Auch Sebastian Kugler "spielt" fantasiereich mit dem Medium. Einige seiner Arbeiten sind eine Hommage an die griechische Insel Karpathos, seine "zweite Heimat", wie er sagt. Seine Themen: die Verschmelzung von Wasser und Himmel, der malerische Effekt, den eine bewegte Kamera erzeugt, die farbigen Lichtreflexe einer Batterie alter Weinflaschen. Eindrucksvoll in seiner meditativen Stimmung: das Bild "Schattenplatz", das einen Stuhl im Schatten eines Olivenbaums zeigt. Auf dem schwarz-weißen, mit zarter Brauntönung bearbeiteten Motiv flimmern zigtausende silbriger Blätter und lassen den Betrachter eintauchen in einen Moment der Ewigkeit.

Gleich daneben zeigt Harald Biebel seine Vision eines bewegten Waldes.
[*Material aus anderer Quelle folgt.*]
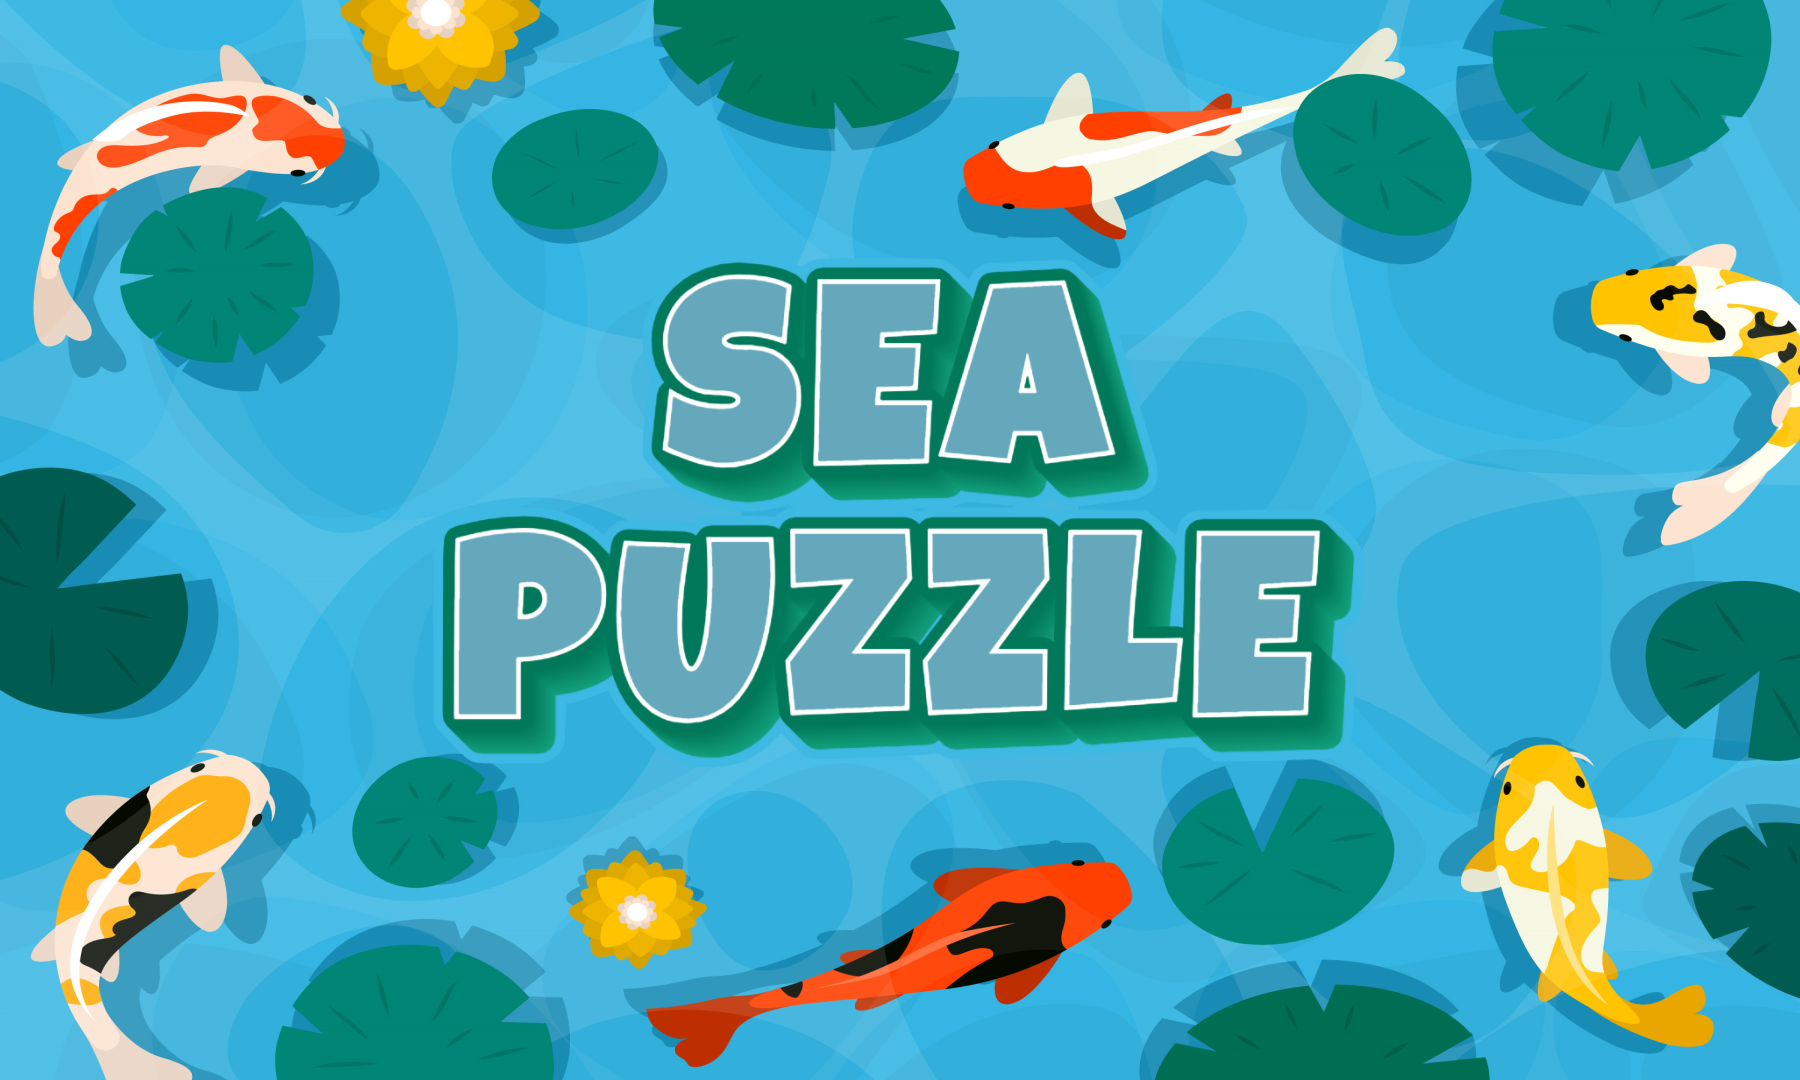 SeaPuzzle

Lange Verschlusszeiten geben den Stämmen plastische und mystische Qualität. Als Farbexplosion gar erscheint das Foto einiger bunter, an der Fassade eines Hauses am Klostersee in Ebersberg montierten LED-Leuchten. An der Kamera, so erklärt der Fotograf, wurde eine lange Belichtungszeit eingestellt und während des Auslösens die Brennweite am Tele-Zoom verstellt. Die untere Hälfte entstand dann durch die Spiegelung im See. Eine experimentelle Spielerei ist auch seine Seenlandschaft mit mehreren sich überlagernden Motivebenen, auf denen wechselweise Wasserflächen, Vögel, Berge und Steine zu sehen sind.

Manche der Glonner Fotografen haben sich bei dieser Ausstellung zu mehrteiligen Tableaus entschlossen: Zum Beispiel Gisela Wimmer, die "Spielräume" leuchten lässt und aus fein komponierten Blütenporträts eine "Schönheiten-Galerie" macht - ganz ohne Kamera-Tanz. Auch Jürgen Bochynek bevorzugt die Ruhe. Seine Fensterserie, aufgenommen in Carmel in Kalifornien, Graz und Venedig ist ein Fall für Detailverliebte. Die Fenster sind vergittert, der Raum dahinter gleicht liebevoll gestalteten Bühnen, angefüllt mit Korken, einem Vogelkäfig, einer Blume im Keramik-Übertopf. Zufällig entdeckt und doch wie sorgfältig inszeniert wirken die Aufnahmen.

An die Zeilen eines Gedichts von Matthias Claudius ("Der Mond ist aufgegangen") fühlt man sich bei Axel Ungers Panoramabild "Morgenlicht" erinnert. "Der Wald steht schwarz und schweiget und aus den Wiesen steiget, der weiße Nebel wunderbar. . . " Dieses Bild eines Taleinschnitts in den Bergen am frühen Morgen atmet feierliche Stille, ist ein Sehnsuchtsort im allzu bewegten Alltag.

Vernissage der Ausstellung "Spielräume" der Fotofreunde Glonn in der Galerie Klosterschule ist am Freitag, 17. April, um 19.30 Uhr. Die Ausstellung ist Samstag und Sonntag, 18. und 19. sowie 25. und 26. April, 14 bis 18 sowie 10 bis 18 Uhr, geöffnet.